── Provided material ──
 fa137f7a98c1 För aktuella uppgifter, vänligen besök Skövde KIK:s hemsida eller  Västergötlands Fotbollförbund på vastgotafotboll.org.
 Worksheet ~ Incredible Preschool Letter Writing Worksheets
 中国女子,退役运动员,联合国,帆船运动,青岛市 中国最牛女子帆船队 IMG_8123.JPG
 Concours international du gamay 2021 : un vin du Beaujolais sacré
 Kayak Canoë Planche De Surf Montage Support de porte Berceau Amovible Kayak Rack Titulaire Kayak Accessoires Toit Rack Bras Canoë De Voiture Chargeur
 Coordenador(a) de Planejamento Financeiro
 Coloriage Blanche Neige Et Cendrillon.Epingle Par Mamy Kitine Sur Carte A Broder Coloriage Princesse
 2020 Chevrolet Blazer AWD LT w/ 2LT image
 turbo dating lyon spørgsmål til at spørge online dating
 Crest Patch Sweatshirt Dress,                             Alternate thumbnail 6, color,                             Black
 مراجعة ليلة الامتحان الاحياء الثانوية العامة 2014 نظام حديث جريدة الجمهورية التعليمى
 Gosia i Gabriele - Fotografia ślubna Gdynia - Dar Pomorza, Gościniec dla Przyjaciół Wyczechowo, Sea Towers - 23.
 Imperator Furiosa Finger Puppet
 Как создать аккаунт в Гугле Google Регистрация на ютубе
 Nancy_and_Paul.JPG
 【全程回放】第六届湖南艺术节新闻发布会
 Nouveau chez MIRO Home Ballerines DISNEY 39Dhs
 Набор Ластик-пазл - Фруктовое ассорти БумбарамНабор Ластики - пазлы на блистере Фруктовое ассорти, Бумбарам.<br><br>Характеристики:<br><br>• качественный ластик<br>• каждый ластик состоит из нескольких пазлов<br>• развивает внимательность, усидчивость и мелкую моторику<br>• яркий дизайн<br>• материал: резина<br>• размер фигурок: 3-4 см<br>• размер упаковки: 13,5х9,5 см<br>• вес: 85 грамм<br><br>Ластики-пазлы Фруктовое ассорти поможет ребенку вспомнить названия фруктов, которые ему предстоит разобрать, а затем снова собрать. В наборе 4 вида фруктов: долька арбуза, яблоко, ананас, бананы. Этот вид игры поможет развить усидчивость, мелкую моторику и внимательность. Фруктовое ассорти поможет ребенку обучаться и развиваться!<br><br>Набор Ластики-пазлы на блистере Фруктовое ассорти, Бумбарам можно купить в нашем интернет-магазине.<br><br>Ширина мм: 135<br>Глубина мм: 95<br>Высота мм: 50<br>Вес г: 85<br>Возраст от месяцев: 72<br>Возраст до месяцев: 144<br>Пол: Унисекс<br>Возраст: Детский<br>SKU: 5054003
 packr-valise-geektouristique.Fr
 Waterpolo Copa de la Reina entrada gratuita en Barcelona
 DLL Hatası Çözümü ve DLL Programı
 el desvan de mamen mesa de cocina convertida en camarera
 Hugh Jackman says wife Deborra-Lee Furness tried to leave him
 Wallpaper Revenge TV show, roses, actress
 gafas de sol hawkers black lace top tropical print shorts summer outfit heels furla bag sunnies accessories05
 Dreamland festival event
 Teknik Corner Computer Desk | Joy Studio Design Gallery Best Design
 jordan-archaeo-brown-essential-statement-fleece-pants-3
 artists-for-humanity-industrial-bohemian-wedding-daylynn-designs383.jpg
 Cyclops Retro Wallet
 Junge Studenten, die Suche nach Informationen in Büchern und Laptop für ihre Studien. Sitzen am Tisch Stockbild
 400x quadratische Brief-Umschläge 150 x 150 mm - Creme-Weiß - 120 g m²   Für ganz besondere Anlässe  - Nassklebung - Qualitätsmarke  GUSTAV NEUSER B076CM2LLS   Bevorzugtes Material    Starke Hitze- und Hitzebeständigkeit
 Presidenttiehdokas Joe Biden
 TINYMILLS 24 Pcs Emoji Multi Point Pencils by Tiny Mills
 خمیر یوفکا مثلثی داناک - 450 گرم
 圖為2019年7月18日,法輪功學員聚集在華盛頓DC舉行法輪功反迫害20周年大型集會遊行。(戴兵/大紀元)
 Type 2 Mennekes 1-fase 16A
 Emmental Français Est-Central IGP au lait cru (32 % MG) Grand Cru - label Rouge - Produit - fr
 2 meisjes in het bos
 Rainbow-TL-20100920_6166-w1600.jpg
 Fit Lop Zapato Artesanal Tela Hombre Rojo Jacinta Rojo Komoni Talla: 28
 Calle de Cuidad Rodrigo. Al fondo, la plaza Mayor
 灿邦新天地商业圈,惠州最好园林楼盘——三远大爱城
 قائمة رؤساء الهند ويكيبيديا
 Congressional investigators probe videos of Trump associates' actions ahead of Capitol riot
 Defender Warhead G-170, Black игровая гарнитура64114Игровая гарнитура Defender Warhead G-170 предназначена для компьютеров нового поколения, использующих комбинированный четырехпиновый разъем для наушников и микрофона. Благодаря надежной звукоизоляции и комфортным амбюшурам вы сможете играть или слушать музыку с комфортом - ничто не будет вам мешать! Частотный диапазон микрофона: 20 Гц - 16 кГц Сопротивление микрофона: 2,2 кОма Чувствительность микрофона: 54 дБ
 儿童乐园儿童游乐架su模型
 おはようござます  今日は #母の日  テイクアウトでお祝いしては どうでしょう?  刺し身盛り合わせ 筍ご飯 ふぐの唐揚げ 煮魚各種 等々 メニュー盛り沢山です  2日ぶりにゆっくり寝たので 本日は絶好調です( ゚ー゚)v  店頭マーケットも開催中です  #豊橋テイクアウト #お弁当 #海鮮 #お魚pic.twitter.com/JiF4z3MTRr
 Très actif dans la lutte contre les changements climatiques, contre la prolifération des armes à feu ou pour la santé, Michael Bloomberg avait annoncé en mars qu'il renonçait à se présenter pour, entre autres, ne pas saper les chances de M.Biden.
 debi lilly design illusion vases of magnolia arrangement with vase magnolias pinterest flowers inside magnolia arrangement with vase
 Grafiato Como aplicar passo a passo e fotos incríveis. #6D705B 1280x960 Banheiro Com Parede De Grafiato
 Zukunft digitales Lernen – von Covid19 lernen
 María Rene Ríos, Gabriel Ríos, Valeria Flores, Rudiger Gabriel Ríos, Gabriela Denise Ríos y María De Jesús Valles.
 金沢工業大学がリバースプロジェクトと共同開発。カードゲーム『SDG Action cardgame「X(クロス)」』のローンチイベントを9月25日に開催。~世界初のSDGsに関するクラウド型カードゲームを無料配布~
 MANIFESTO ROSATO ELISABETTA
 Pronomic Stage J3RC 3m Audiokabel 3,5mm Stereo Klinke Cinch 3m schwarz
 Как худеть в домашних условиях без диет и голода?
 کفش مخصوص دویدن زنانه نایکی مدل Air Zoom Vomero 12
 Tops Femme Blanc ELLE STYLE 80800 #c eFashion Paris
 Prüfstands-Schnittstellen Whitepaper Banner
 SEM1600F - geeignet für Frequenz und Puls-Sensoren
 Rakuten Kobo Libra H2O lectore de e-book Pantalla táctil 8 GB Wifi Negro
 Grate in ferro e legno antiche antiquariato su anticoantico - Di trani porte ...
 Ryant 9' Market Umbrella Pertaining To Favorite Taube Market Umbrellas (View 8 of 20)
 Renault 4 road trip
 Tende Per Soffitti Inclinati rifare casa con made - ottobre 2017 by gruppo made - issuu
───
What is required: Repeat, exactly as they stand above, the lines from the line with "Emmental Français Est-Central" to the line with "Congressional investigators probe", both lines included.

Exercise solution:
 Emmental Français Est-Central IGP au lait cru (32 % MG) Grand Cru - label Rouge - Produit - fr
 2 meisjes in het bos
 Rainbow-TL-20100920_6166-w1600.jpg
 Fit Lop Zapato Artesanal Tela Hombre Rojo Jacinta Rojo Komoni Talla: 28
 Calle de Cuidad Rodrigo. Al fondo, la plaza Mayor
 灿邦新天地商业圈,惠州最好园林楼盘——三远大爱城
 قائمة رؤساء الهند ويكيبيديا
 Congressional investigators probe videos of Trump associates' actions ahead of Capitol riot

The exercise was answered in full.